I dunno, if she dies Im really gonna be lost, I have no idea where Im supposed to go or do, and how the hell Ill ever forgive myself.......Im not sitting here being utterly depressed, drowning myself in booze, Im moving on, trying to help her, workign hard on each day, but that dull disgusting feeling in the pit of my stomach, mor elike my soul I don't think is ever really gonna fade
 
Austin316 said:
I dunno, if she dies Im really gonna be lost, I have no idea where Im supposed to go or do, and how the hell Ill ever forgive myself.......Im not sitting here being utterly depressed, drowning myself in booze, Im moving on, trying to help her, workign hard on each day, but that dull disgusting feeling in the pit of my stomach, mor elike my soul I don't think is ever really gonna fade

Darlin' go talk to a professional. Seriously... you are facing some very serious difficulties and regardless of how alone you feel - YOU ARE NOT.
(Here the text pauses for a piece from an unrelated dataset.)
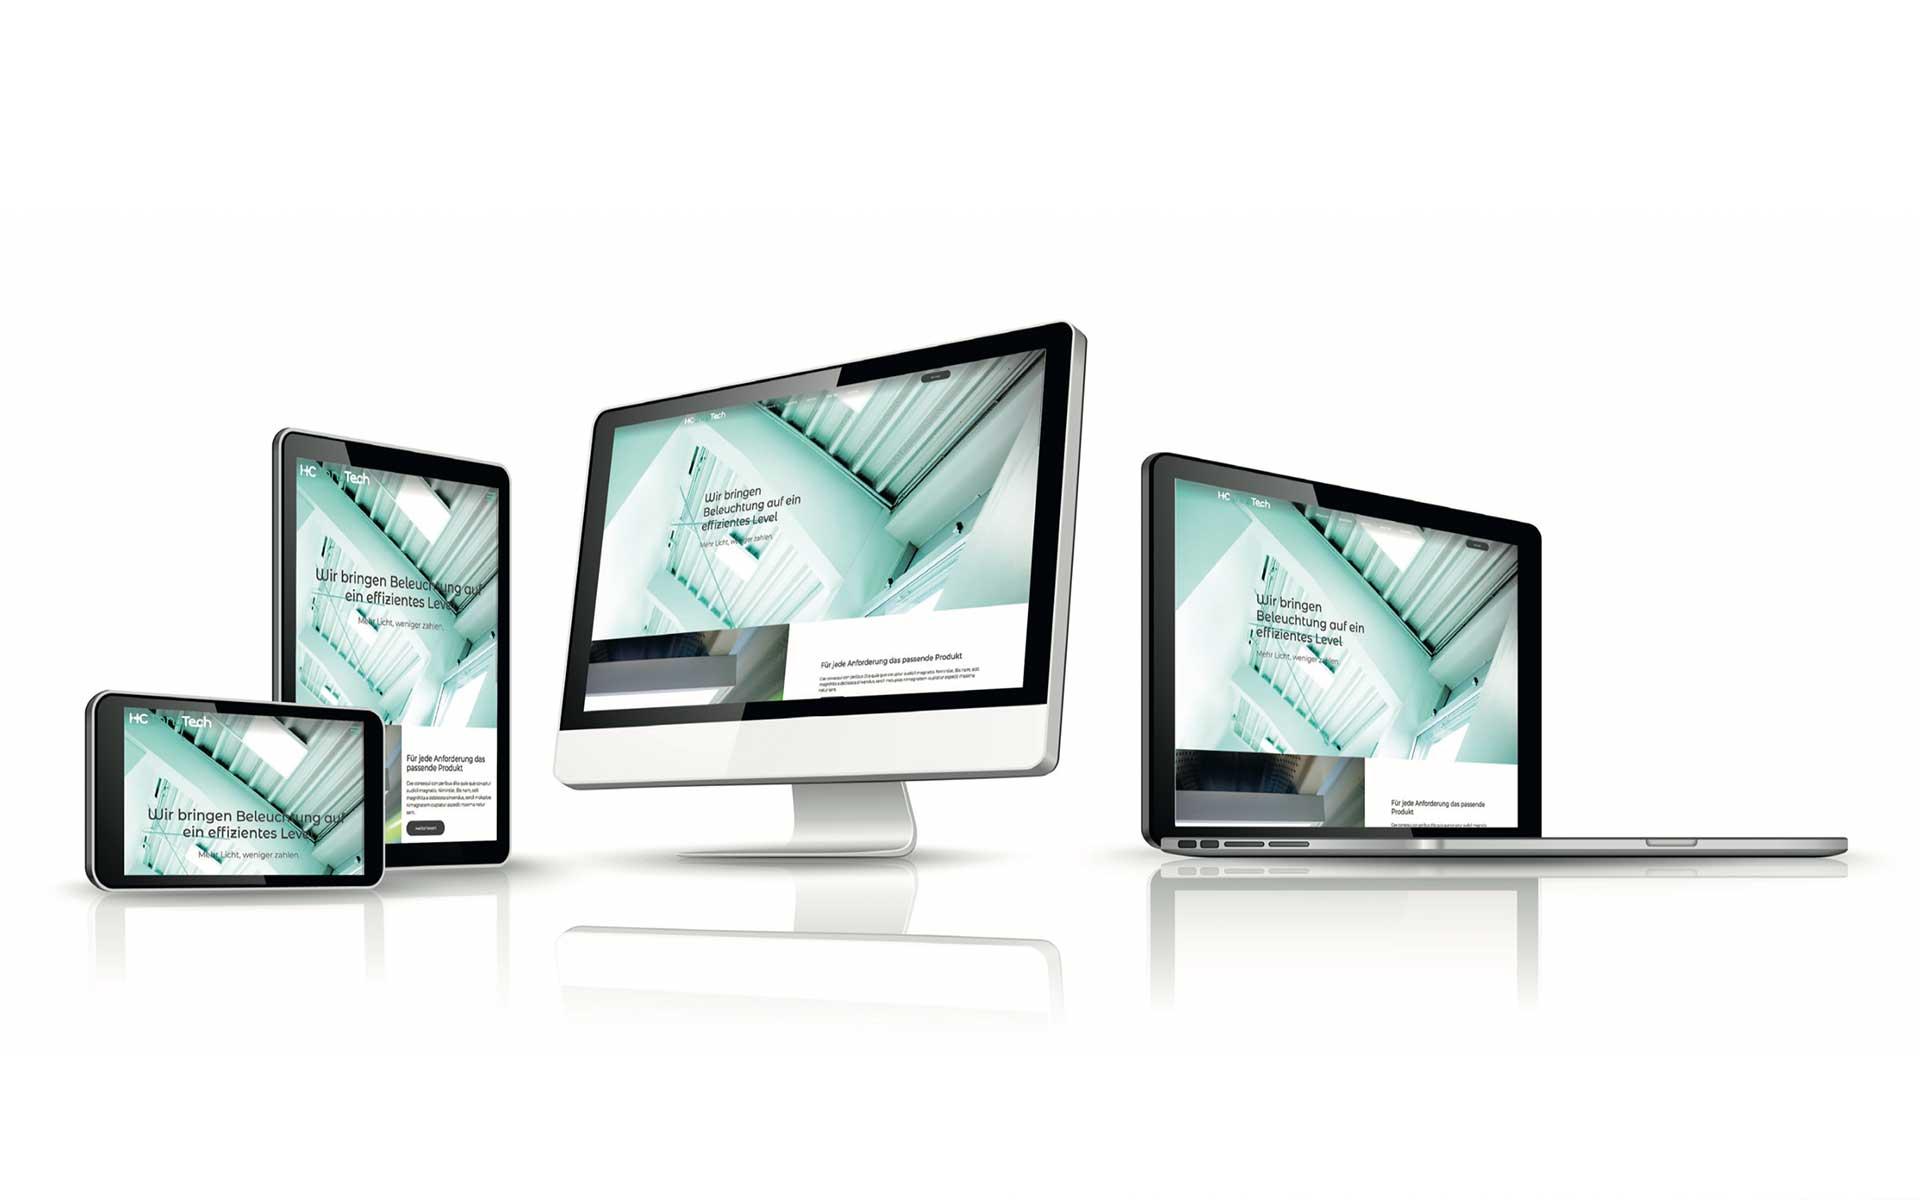 Webseite HC InnoTech gestaltet von team4media - Ihre Werbeagentur in Osnabrück

Please go find a competent counselor and talk to them. They will not be able to give you answers... sometimes there just aren't any. But they will help to ease your burdens and help you to gain insight into how to effectively cope with such tremendous grief.

Alcohol will only numb pain for a short time. When the buzz leaves, the same problems will still be present.

Go talk to someone.... I sincerely hope that you can find comfort and strength soon.
 
I would never turn to alchohol, and Id d nothing to endanger myself, I would never do something that would hurt my family, freinds, or gf liek that, I gotta be here for em, I gotta be the strong one with her, its just how it is Ill live and move on
 
Austin316 said:
I would never turn to alchohol, and Id d nothing to endanger myself, I would never do something that would hurt my family, freinds, or gf liek that, I gotta be here for em, I gotta be the strong one with her, its just how it is Ill live and move on

Wouldn't it be better for you and your family if you had help to carry your burden? If you were a member of your family that you loved and you knew of their suffering, wouldn't you want THEM to have help?

Only wishing you comfort and strength...
 
Going to my family is not an option, my friends know, but Im not gonna risk shaming my parents
 
Austin316 said:
Going to my family is not an option, my friends know, but Im not gonna risk shaming my parents
First off your parents love you. I bet they would be more hurt if they found out you DID NOT come to them at a time when you truly needed them most. And I am not saying this to hurt you. Only speaking from the perspective of a loving parent myself - thinking how I would feel if you were my son. I make these comments with the utmost respect for you and your family. If I am out of line, I apologize. Those were not my intentions.

But if you still feel you can not, then might I reiterate my original suggestion of seeking counseling? Your friends might be a wonderful support system, but that doesn't mean that speaking with a trained professional might not do you a world of good.

Okay, I will stop harrassing you now... :)
 
The mere fact I got someone pregnant would be what greatly dissapoints them, Im sure they would understand considering the circumstance the need for an abortion even though my mother HATES the concept
 
I don't mean to be a dick, but I have to say this is one of the all time gayest threads i've seen.